» **Exercise directions**
Reproduce the listing that follows word for word, without its pictures.

» **Given data**
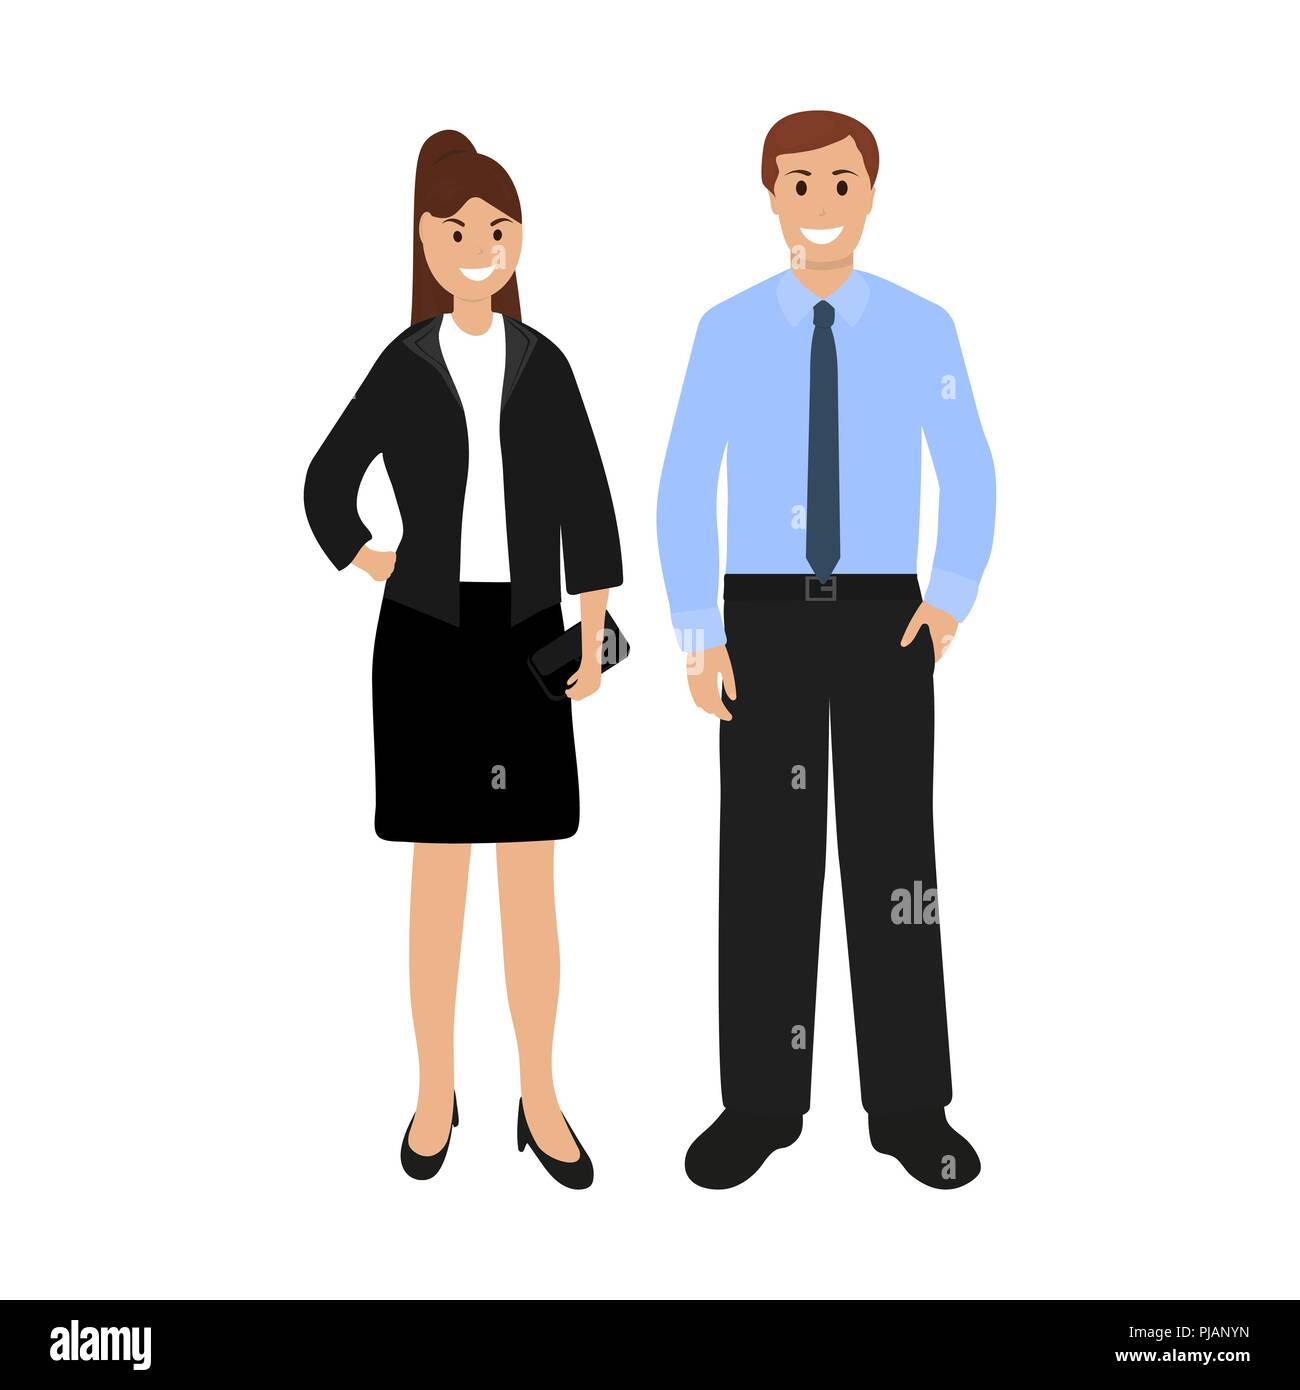 Businessmen woman and man  Stock Vector
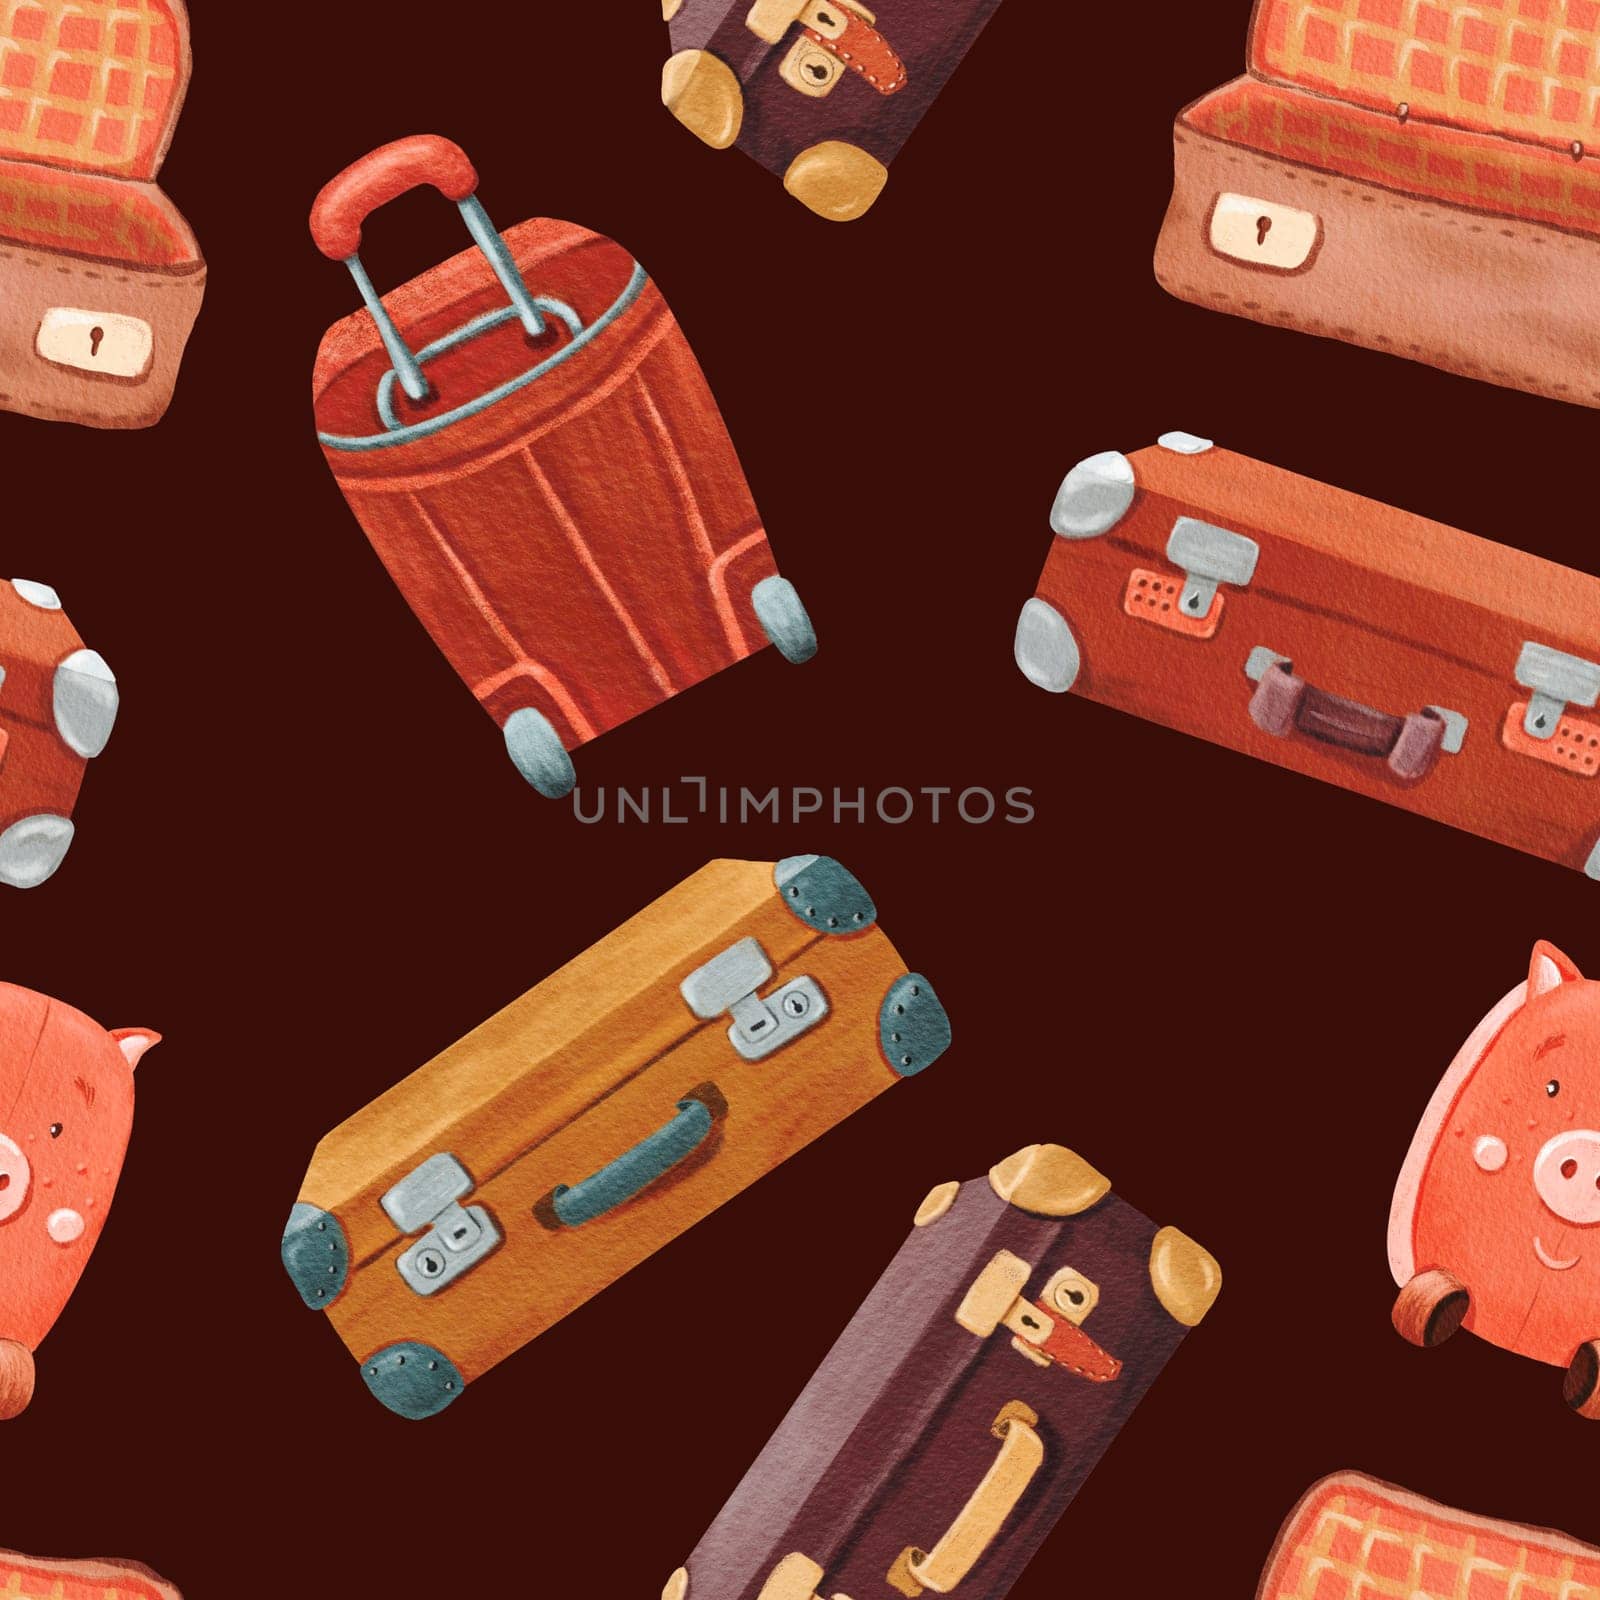 Seamless pattern of open and close Stylish brown retro suitcase, child luggage . Old vintage leather briefcase baggage. Travel stuff. Hand drawn retro bag. Watercolor colored illustration.
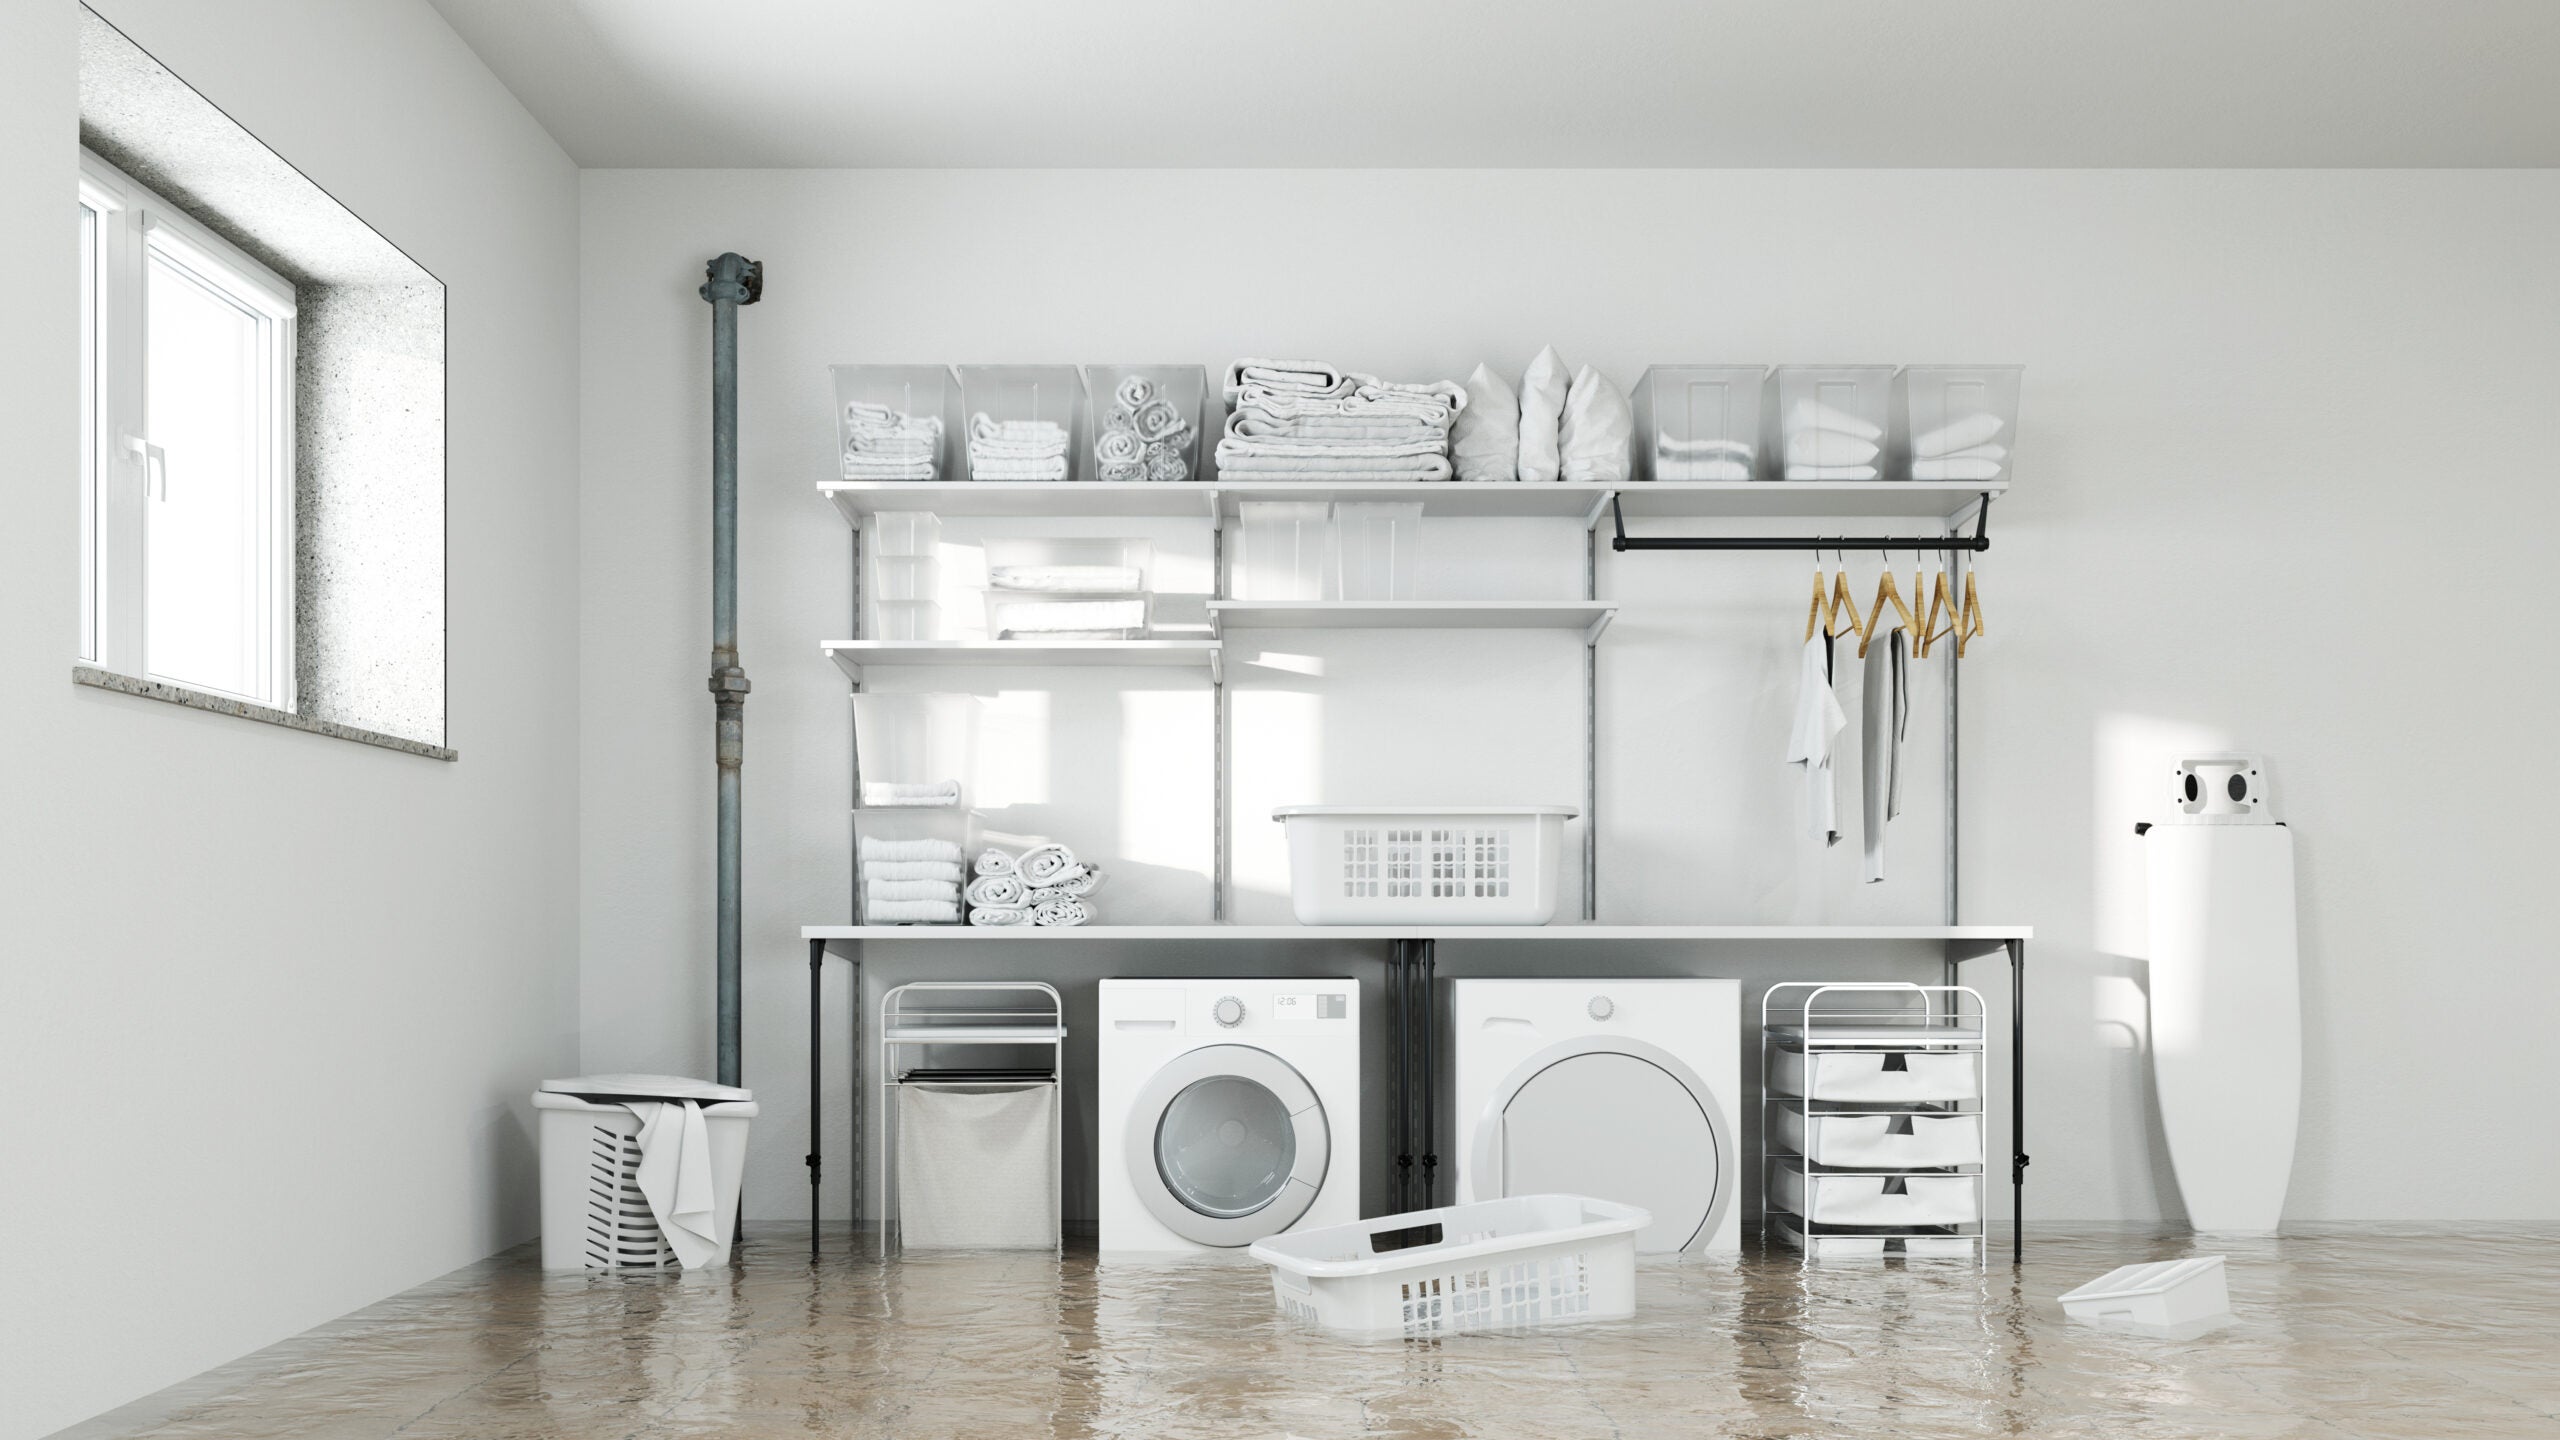 A flooded basement laundry area with white appliances and gray walls.

» **Answer section**
 Businessmen woman and man  Stock Vector
 Seamless pattern of open and close Stylish brown retro suitcase, child luggage . Old vintage leather briefcase baggage. Travel stuff. Hand drawn retro bag. Watercolor colored illustration.
 A flooded basement laundry area with white appliances and gray walls.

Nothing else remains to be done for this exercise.